東京地方裁判所平成27年(行ウ)第514号法人税更正処分取消請求事件(認容)(控訴)(納税者勝訴)国側当事者・国(京橋税務署長)平成29年12月6日判決 【税務訴訟資料 第267号―146(順号13095)】【受取配当益金不算入/資本剰余金と利益剰余金の双方を原資とする剰余金の配当】(TAINZ コード Z267―13095)

〔判示事項〕
1 本件は、内国法人である原告が、平成25年3月期の連結事業年度において、外国子会社から資本剰余金及び利益剰余金をそれぞれ原資とする剰余金の配当を受け、前者については法人税法24条1項3号にいう資本の払戻しの一態様である「剰余金の配当(資本剰余金の額の減少に伴うものに限る。)」に、後者については法人税法23条1項1号にいう「剰余金の配当」に該当することを前提に本件連結事業年度の法人税の連結確定申告をしたところ、京橋税務署長から、これらの剰余金の配当は、それぞれの効力発生日が同じ日であることなどから、その全額が法人税法24条1項3号の資本の払戻しに該当するとして法人税の更正処分を受けたため、本件更正処分の取消しを求める事案である。

2 法人税法24条1項柱書きの「株式又は出資に対応する部分の金額」の計算の方法は、同法の委任を受けて政令で定めることとされているところ、資本剰余金と利益剰余金の双方を原資とする剰余金の配当が行われた場合に、いずれが先に行われたとみるかによって、上記の「株式又は出資に対応する部分の金額」及びみなし配当の金額が異なる結果となり、そこに恣意性が介在して課税の公平性を損なうこととなる事態も想定され得ることから、資本剰余金と利益剰余金の双方を原資とする剰余金の配当を同法24条1項の適用を受ける剰余金の配当と整理することによりこの問題の解決を図ったものであるとする被告の主張には合理性が認められる。したがって、同法24条1項3号にいう「剰余金の配当」とは、資本剰余金のみを原資とする剰余金の配当及び資本剰余金と利益剰余金の双方を原資とする剰余金の配当を指すものと解するのが相当である。

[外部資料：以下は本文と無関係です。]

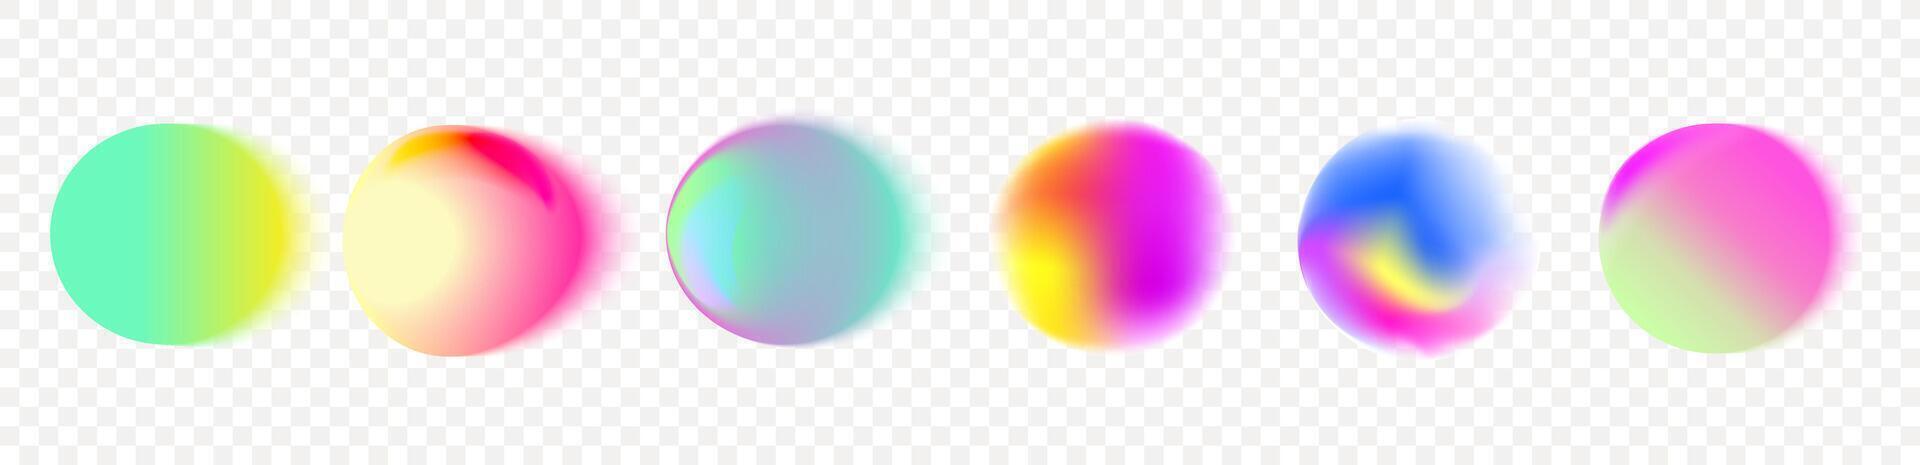 Set of vector illustration featuring an abstract radial gradient blur in shades of purple,green and  blue.Vibrant set of aura glow rounds with a soft  dot neon element.Color holographic round shapes.

3 しかしながら、法人税法23条1項の規定が、支払法人の段階で課税済みの利益の配当について、これを受ける法人に重複して法人税を課すことを避けるために、また、同法23条の2第1項の規定が、源泉地国で課税済みの所得の配当に対して我が国が重ねて課税するという国際的な二重課税を排除するために、当該各配当の額及びみなし配当の金額を益金不算入としていることに鑑みると、同法は、利益剰余金を原資とする部分の剰余金の配当の額が、同法24条1項柱書きの「株式又は出資に対応する部分の金額」に含まれて同法61条の2第1項1号にいう有価証券の譲渡に係る対価の額として認識され、法人税の課税を受けることとなる事態を想定していないものと解される。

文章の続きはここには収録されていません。